● EXERCISE DATA:
↓↓↓
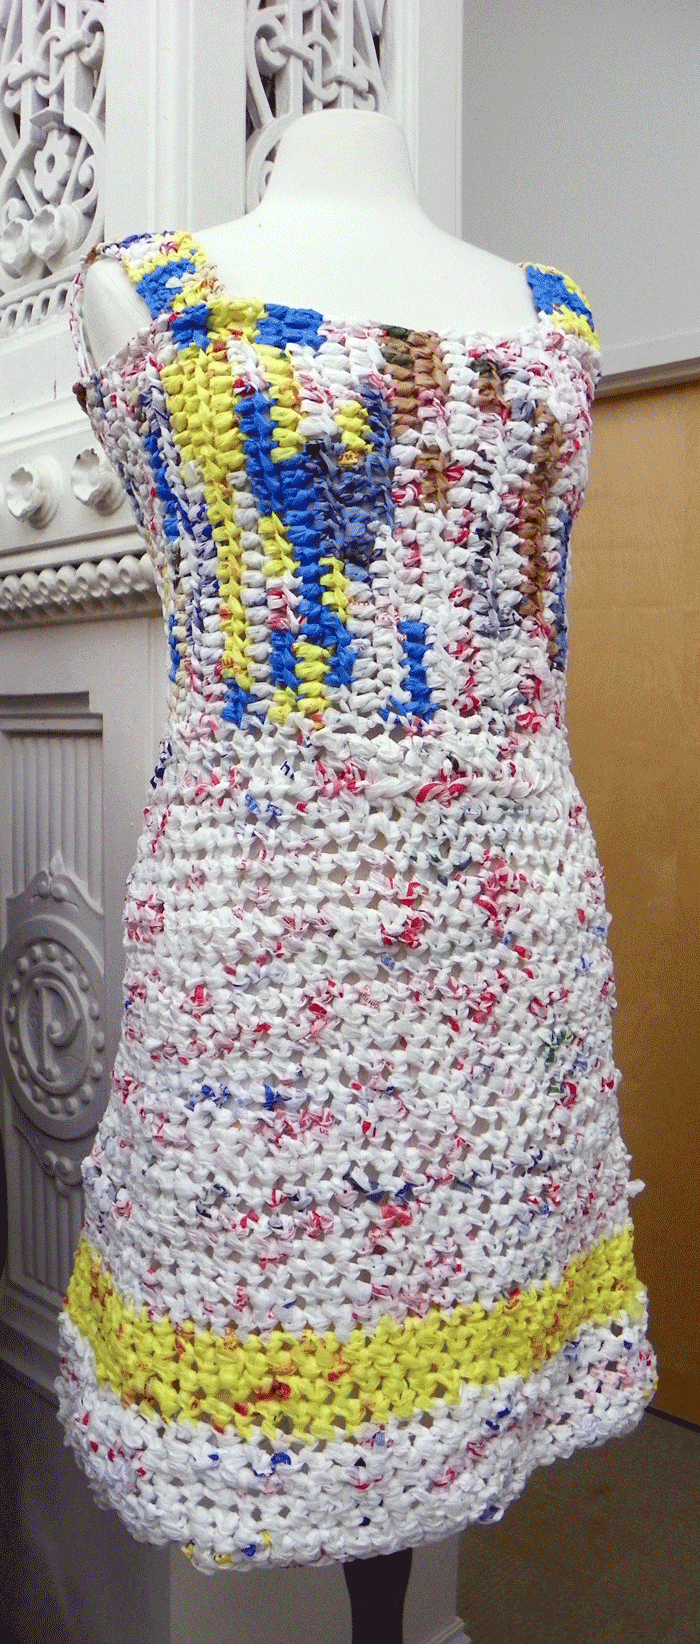 Melissa Madonni Haims, Plarn Dress, plastic bags, ECO+FASHION, Art Gallery at City Hall
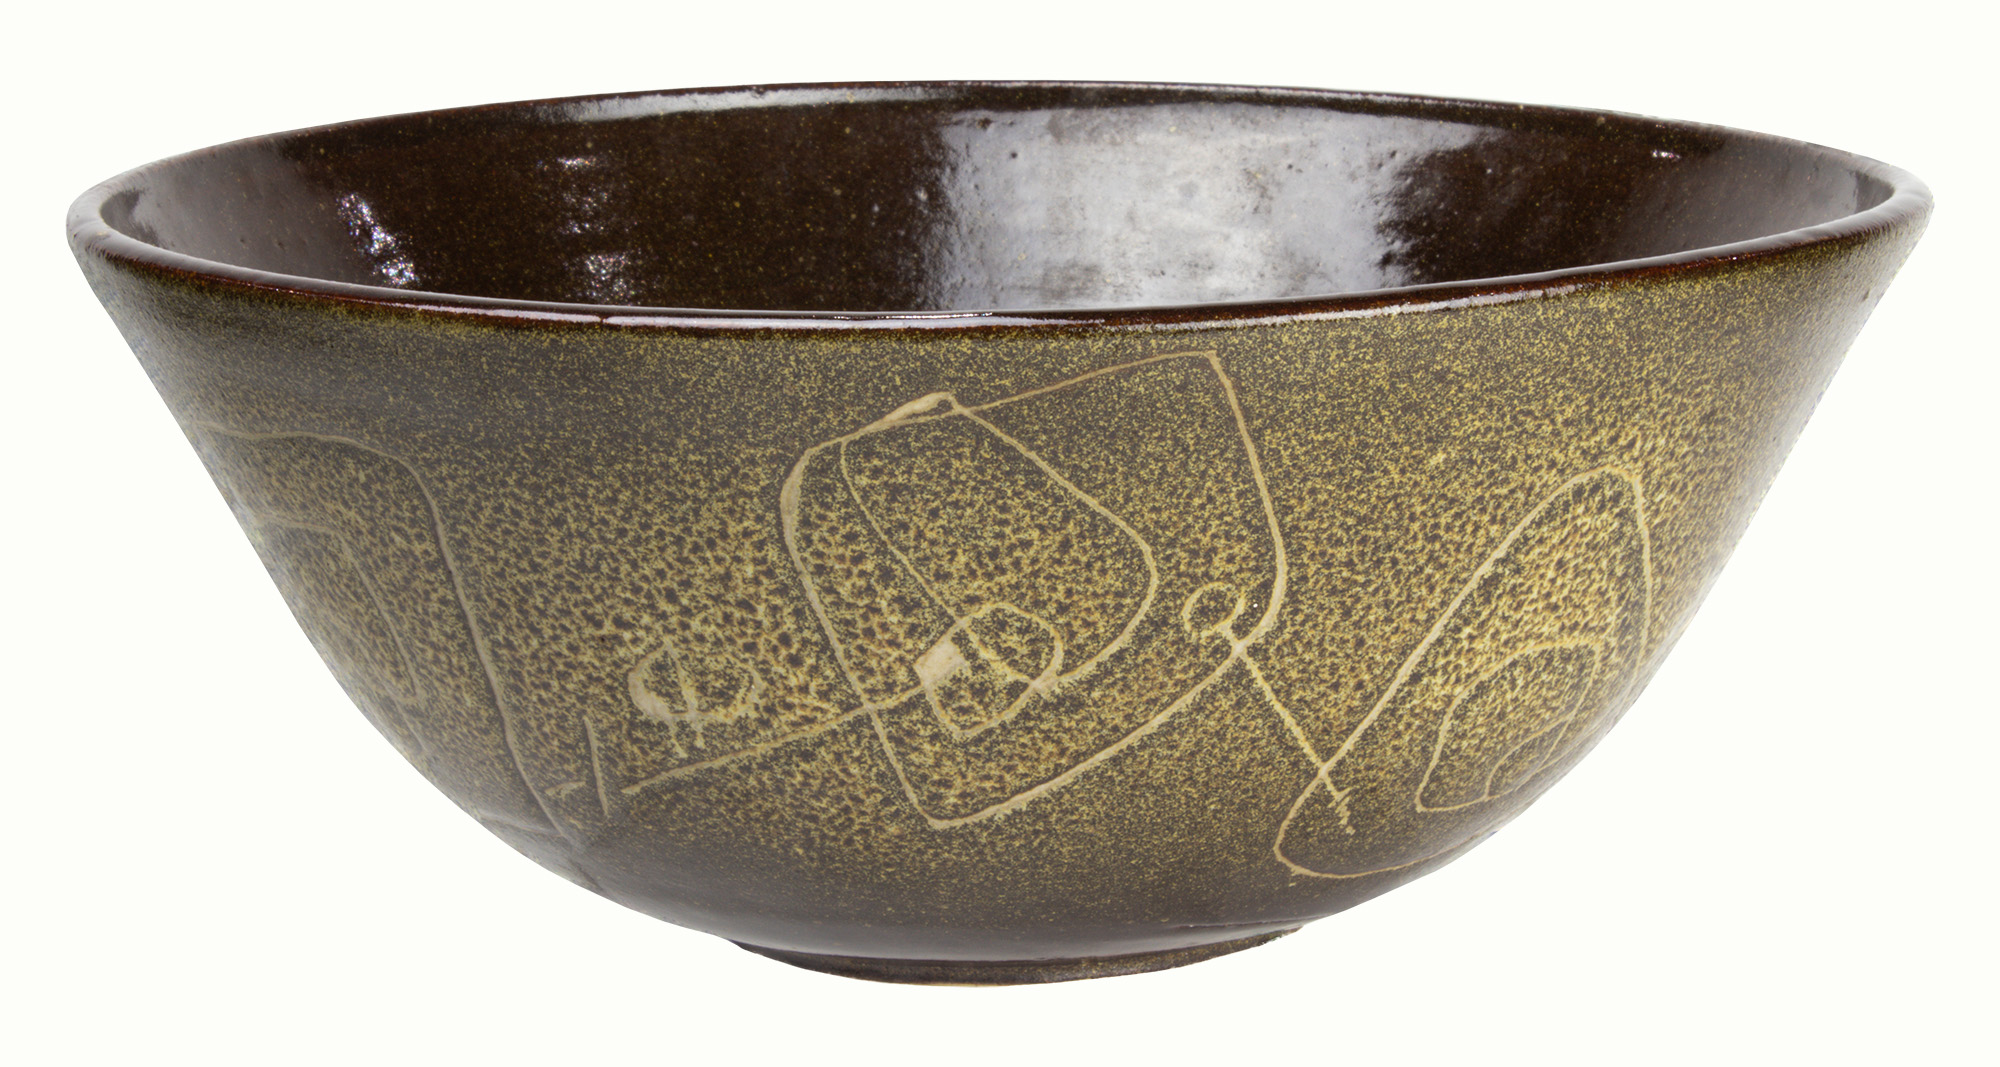 Toshiko Takaezu glazed stoneware bowl
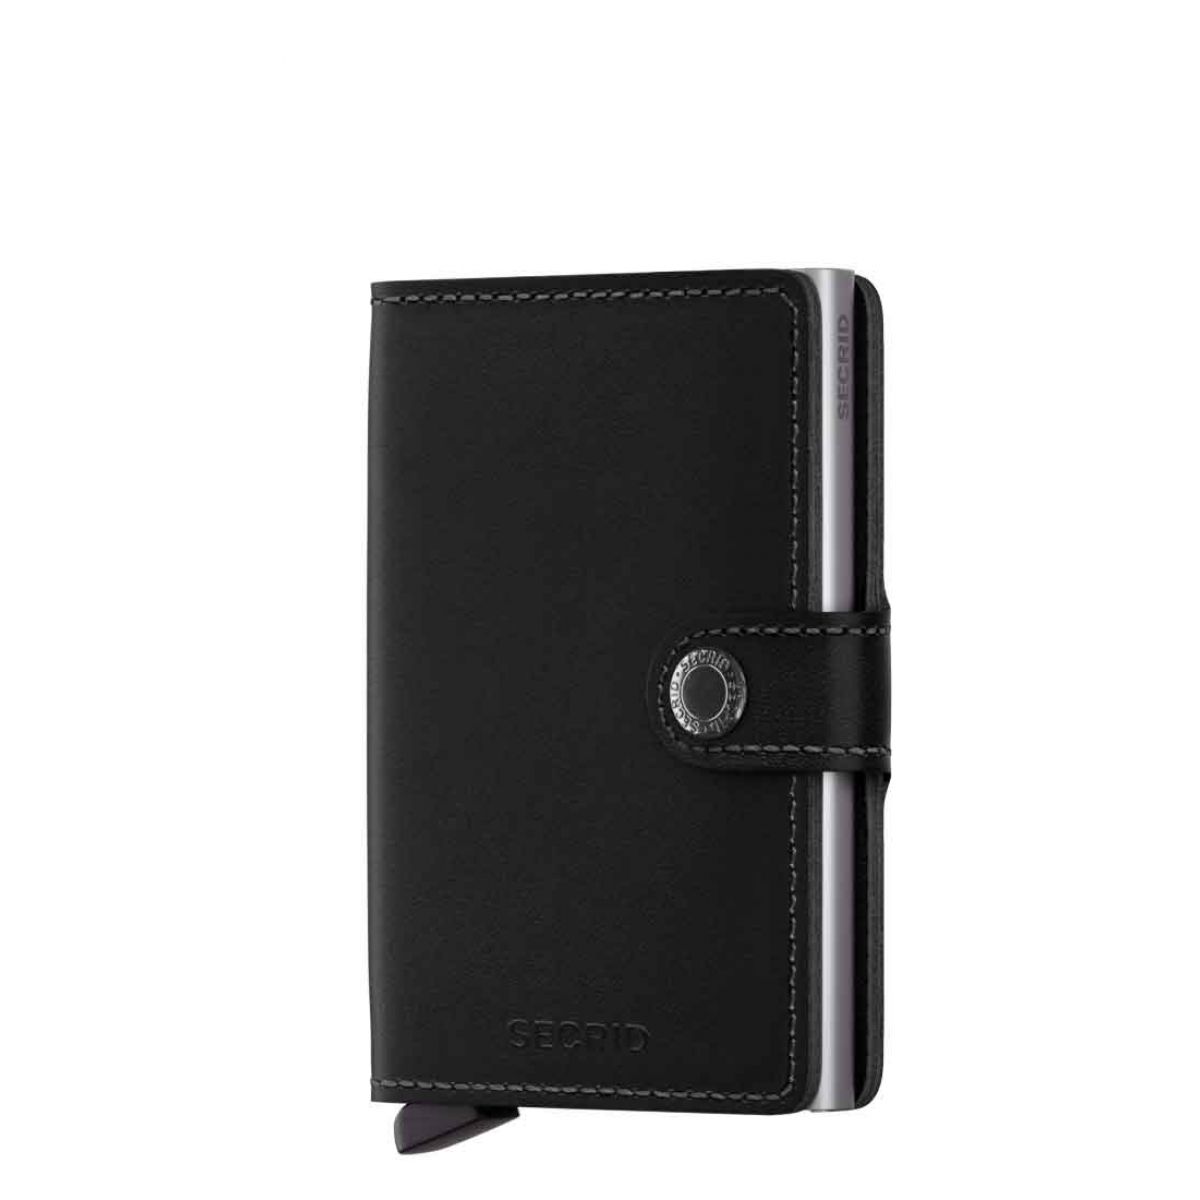 Secrid mini wallet leather original black- SECRID - product code ...
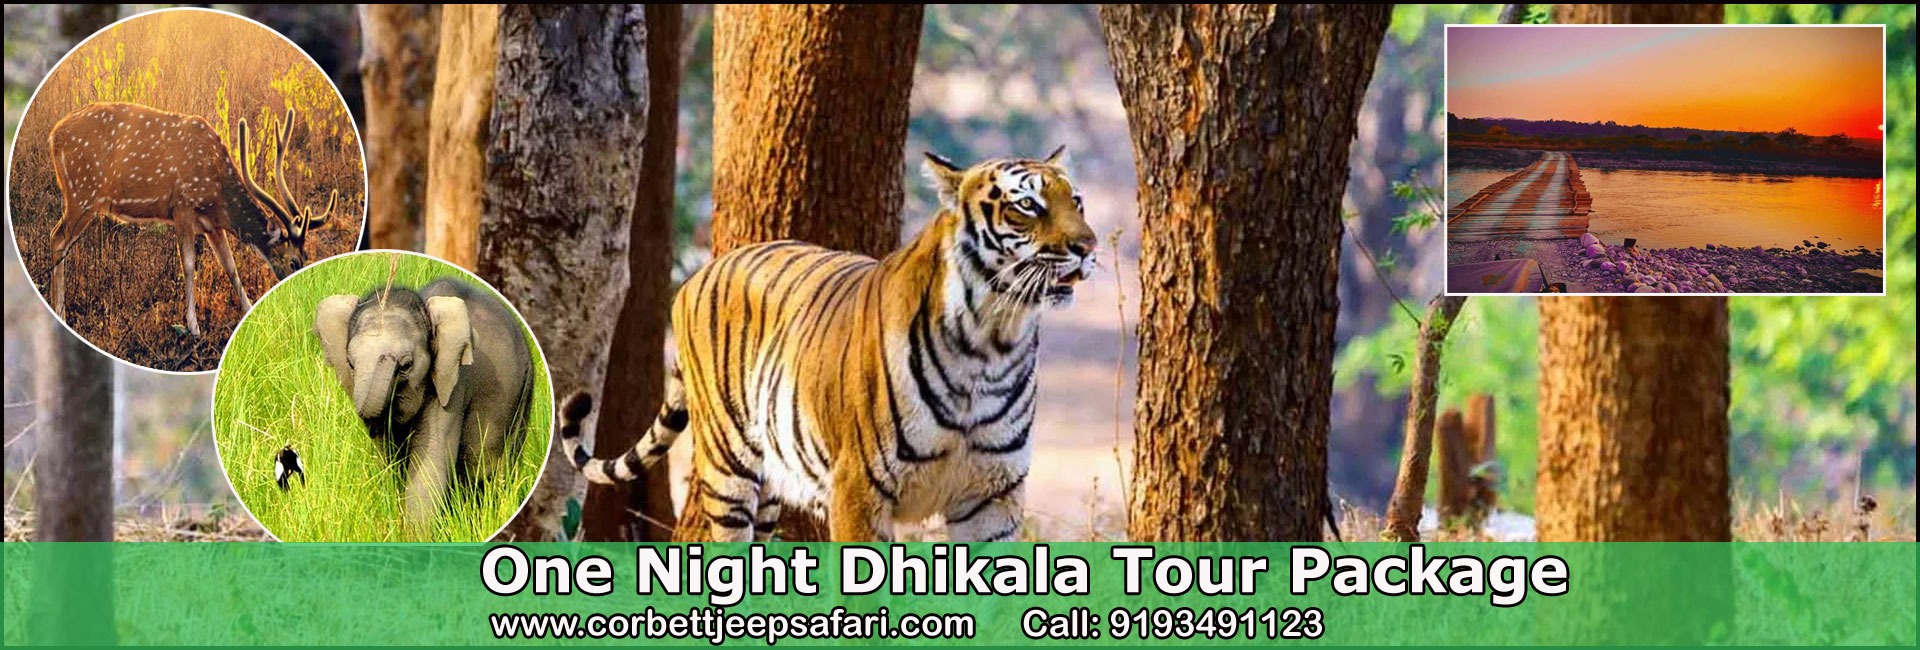 dhikala tour package
↑↑↑
● DIRECTIONS FOR THIS TASK:
Exactly repeat every line from the line that includes "Secrid mini wallet" to the end of the listing, and nothing else, leaving pictures out.

● SOLUTION FOR THIS PROBLEM:
 Secrid mini wallet leather original black- SECRID - product code ...
 dhikala tour package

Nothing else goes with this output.